La respiración de Allen se cortó por un momento. Algo en esa precisa expresión le había provocado un escalofrío. Decidió intervenir antes de que las cosas empeoraran.
—Amigo, me gustaría decirte que está bromeando, pero me temo que sería una mentira. Es mi hijo y sé de las cosas que es capaz —dijo Allen, con una voz más serena—. Es mejor que hagamos esto de la forma más civilizada posible. ¿Por qué no comienzas diciéndonos cómo te llamas?

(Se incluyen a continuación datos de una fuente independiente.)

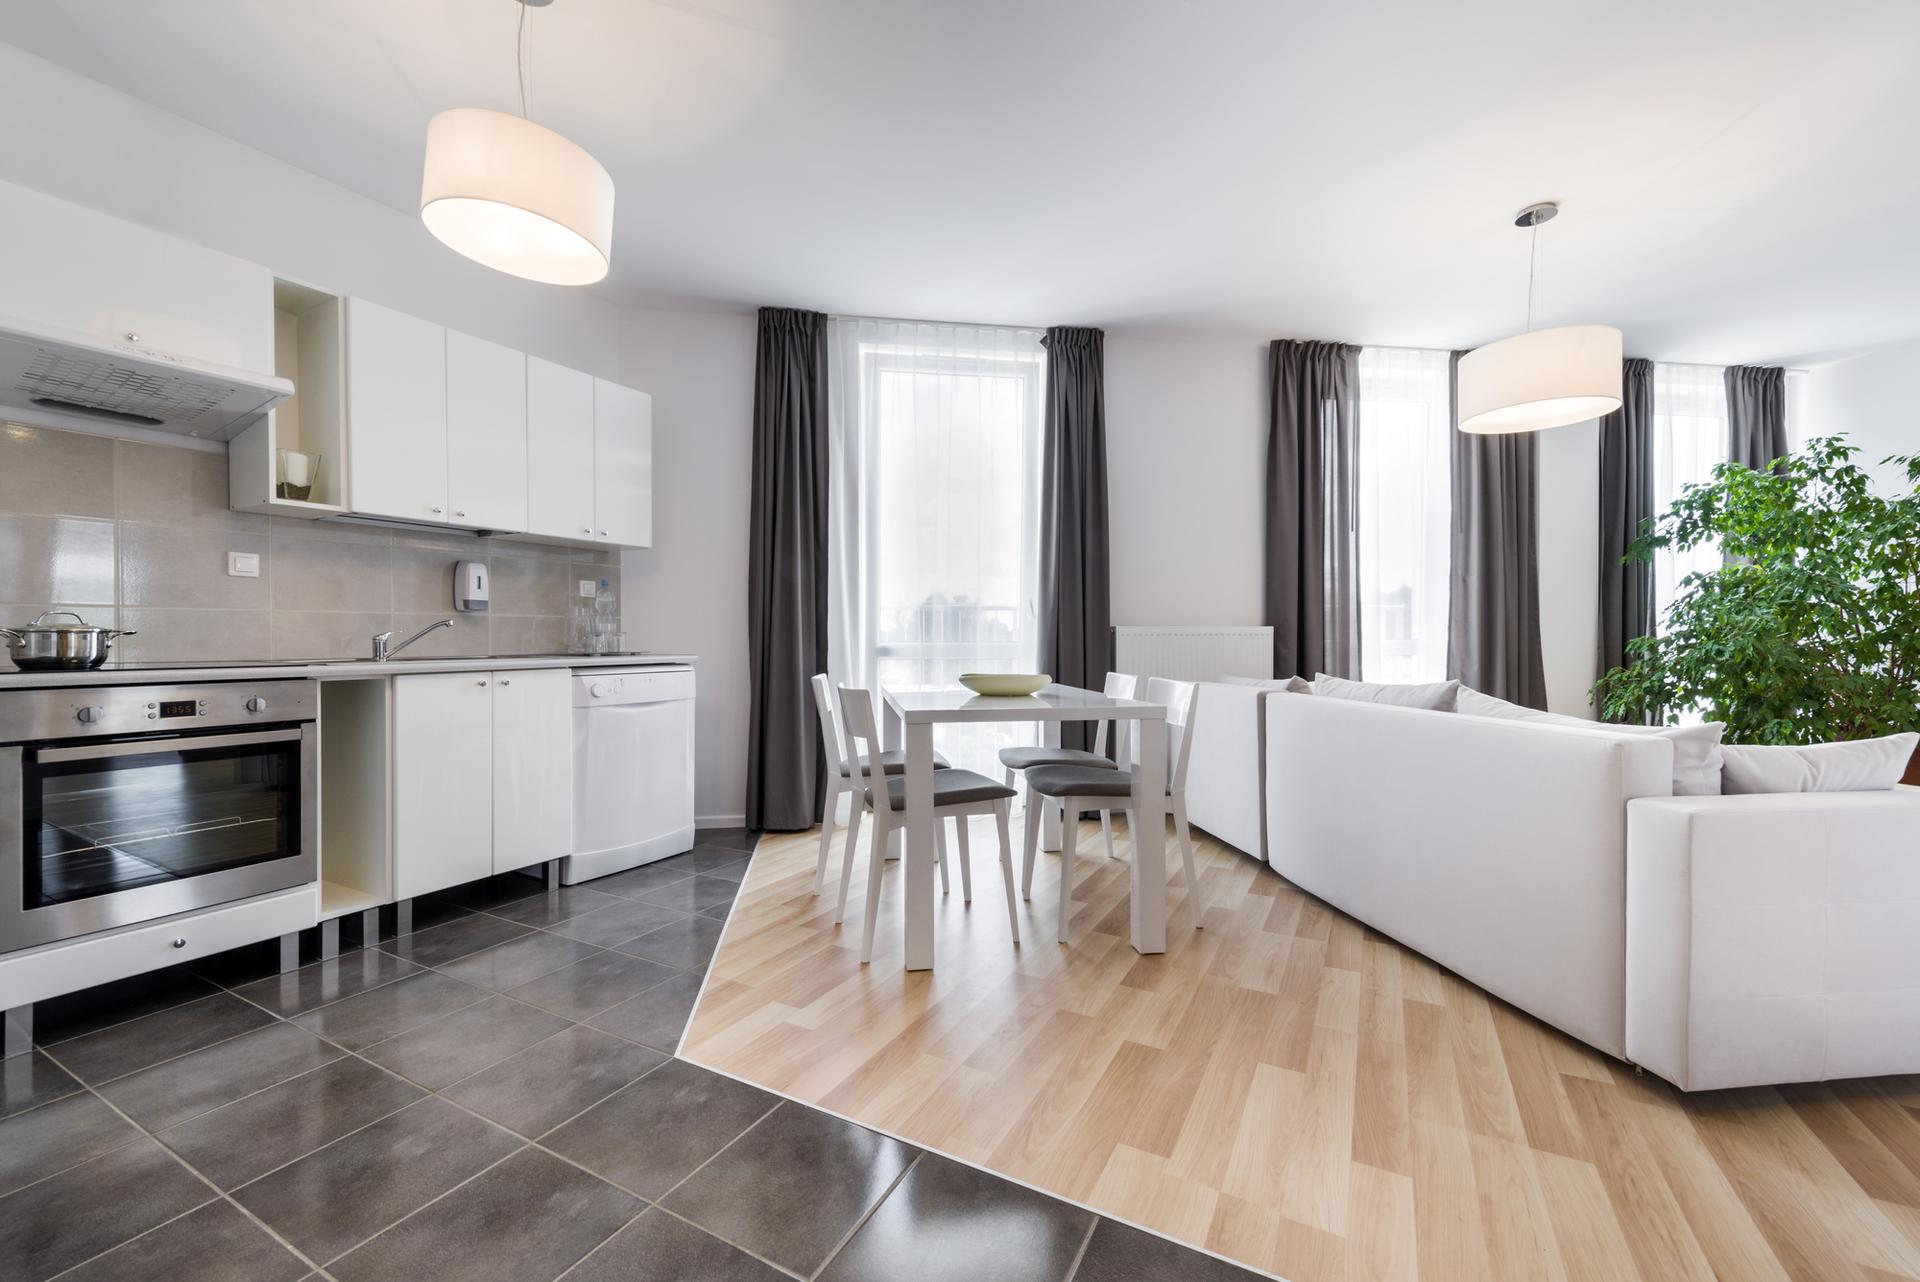 плитка и ламинат в кухне гостиной

El hombre lo miró con seriedad y luego se fijó en Equis, quien todavía sostenía el cuchillo y respiraba con agitación. Comprendió que el peligro era muy real. Suspiró antes de tragar saliva y terminó por apartar la mirada.
—Jason. Jason Knight.
Unas horas más tarde, cuando ya poco le quedaba al día, Hayley caminaba con desánimo hacia su trabajo. Sus altos tacones marcaban un ritmo que se confundía con los ruidos de la ciudad. Terminó su cigarrillo y lo pisó antes de doblar en un callejón para entrar al club. Ese día le tocaba trabajar en las recámaras privadas, así que se dirigió hasta el final del lugar. Allí se acercó a un mostrador y firmó la lista que le acercó un hombre vestido de forma muy extravagante.

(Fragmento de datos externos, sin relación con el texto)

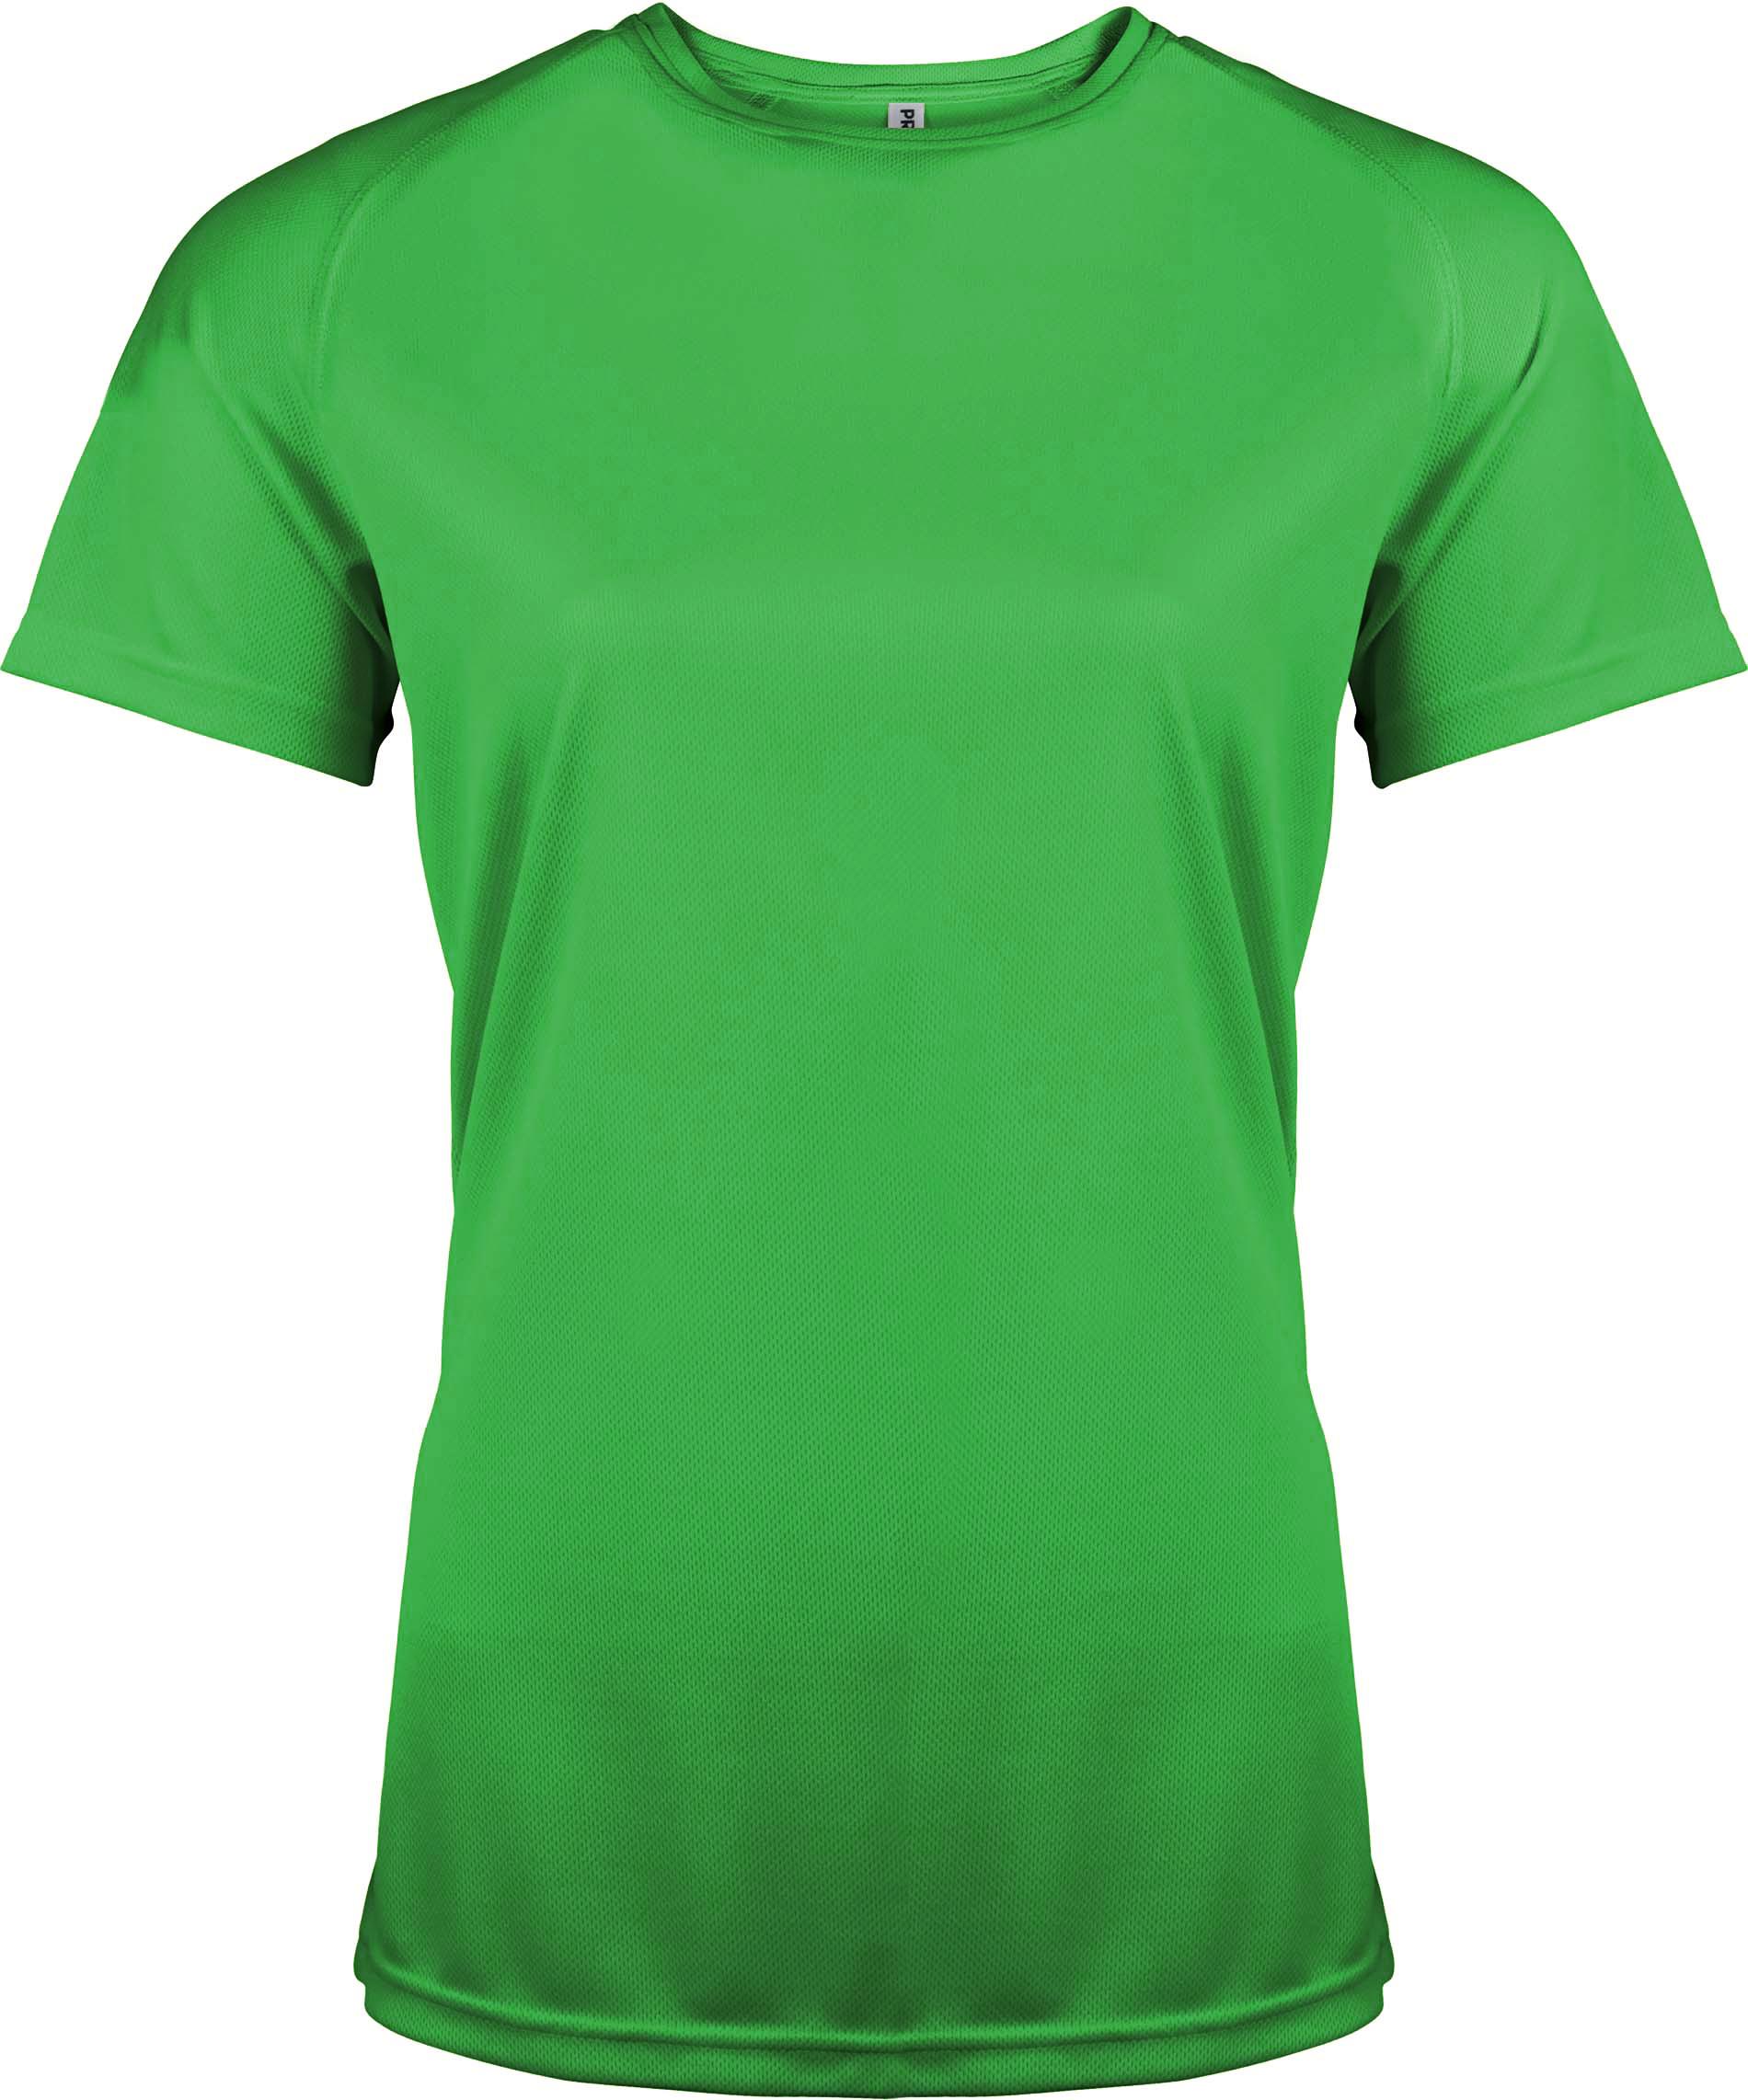 Naisten tekninen T-paita PA439 Kelly Green

—Llegas tarde, cielo —le dijo—. Ya tienes cliente esperando.
—¿Tom? —preguntó la chica, como si fuera ya algo habitual.
El encargado se encogió de hombros y le entregó a Hayley un juego de llaves. La chica las tomó, fijándose en el número para dirigirse a la puerta correcta. Cruzó la cortina de lentejuelas y comenzó a caminar por el pasillo que tantas veces había recorrido. El explosivo sonido de la música comenzó a quedarse atrás. Una intensa luz rosada caía sobre su piel y le otorgaba un aspecto casi de fantasía, como si estuviera en un sueño. Cuando llegó a la puerta, tomó aire y se preparó para su jornada.
—Buenas noches, me llamo Hayley. El sado se cobra aparte y el sexo sin protección es un no —anunció sin mirar a su cliente, rebuscando en su bolso—. Mierda, olvidé el lubricante. ¿Me permites un segundo?

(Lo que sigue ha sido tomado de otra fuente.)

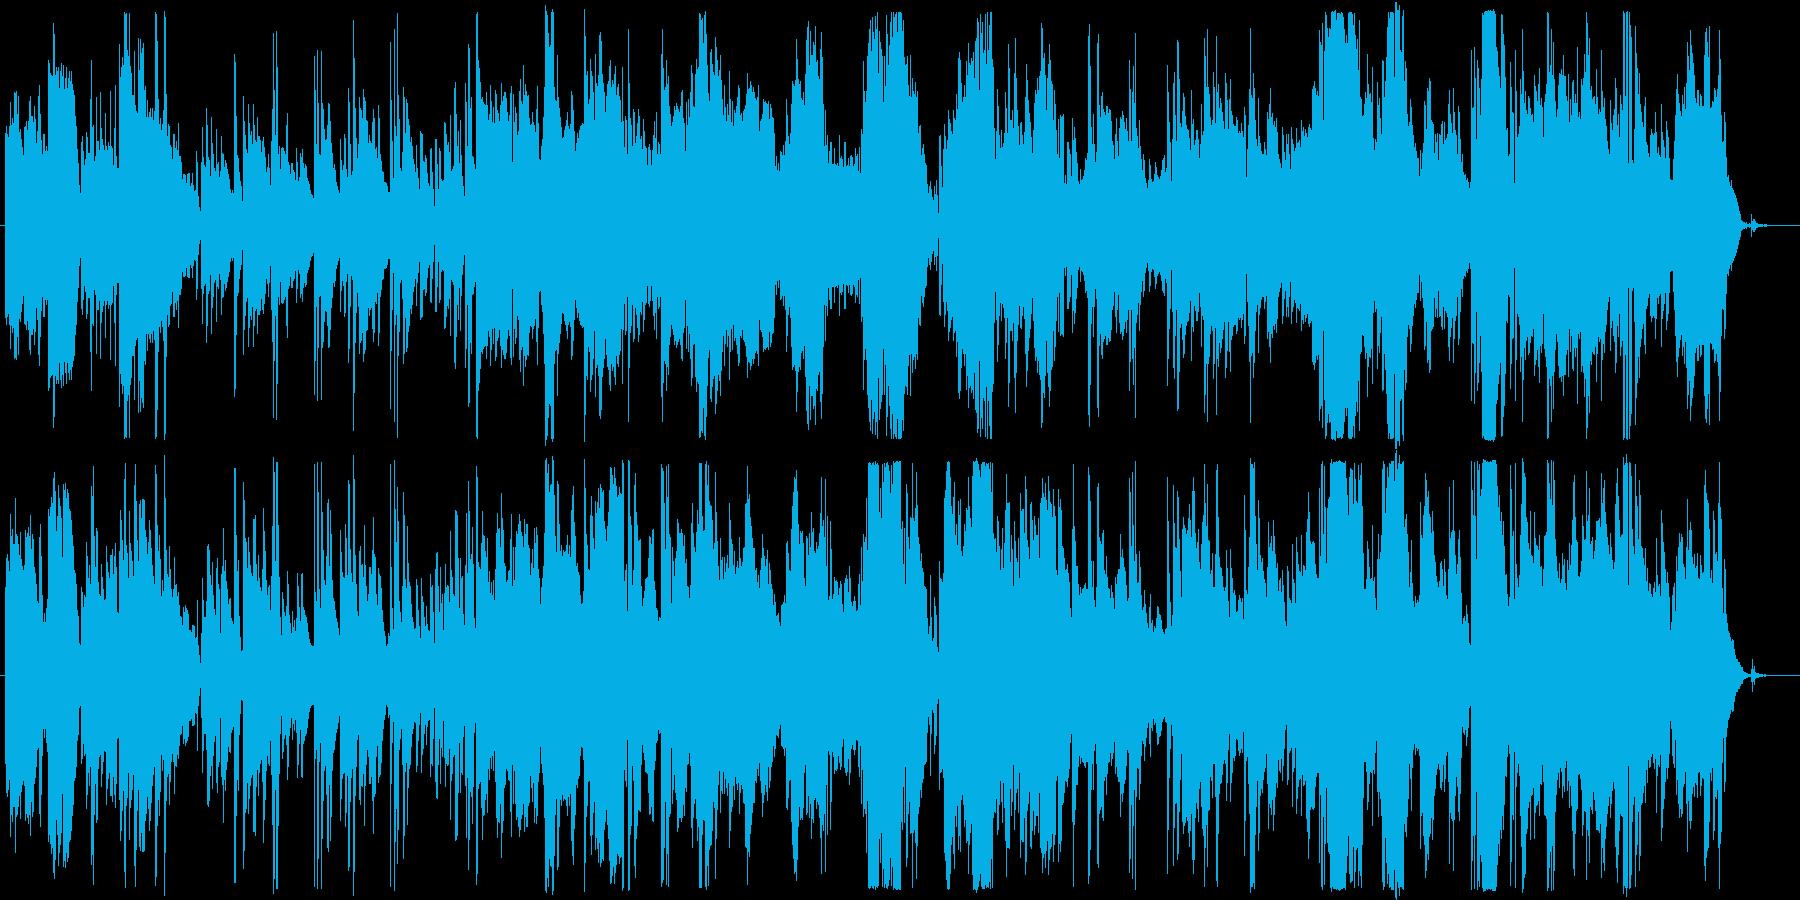 物語の導入部に最適なギターデュオの序奏の再生済みの波形

—No es necesario. Siéntate —ordenó una voz que desconcertó a Hayley por completo—. Tenemos algunas cosas que hablar.
Levantó la cabeza para ver algo que no esperaba. Desde la silla, una mujer la miraba fijamente. Hayley entrecerró los ojos y creyó estar alucinando cuando la reconoció. Tardó unos segundos en procesarlo, pero no había duda. Era ella.
Ashley la estaba invitando a tomar asiento mientras con la otra mano le daba vueltas sobre la mesa a una memoria USB.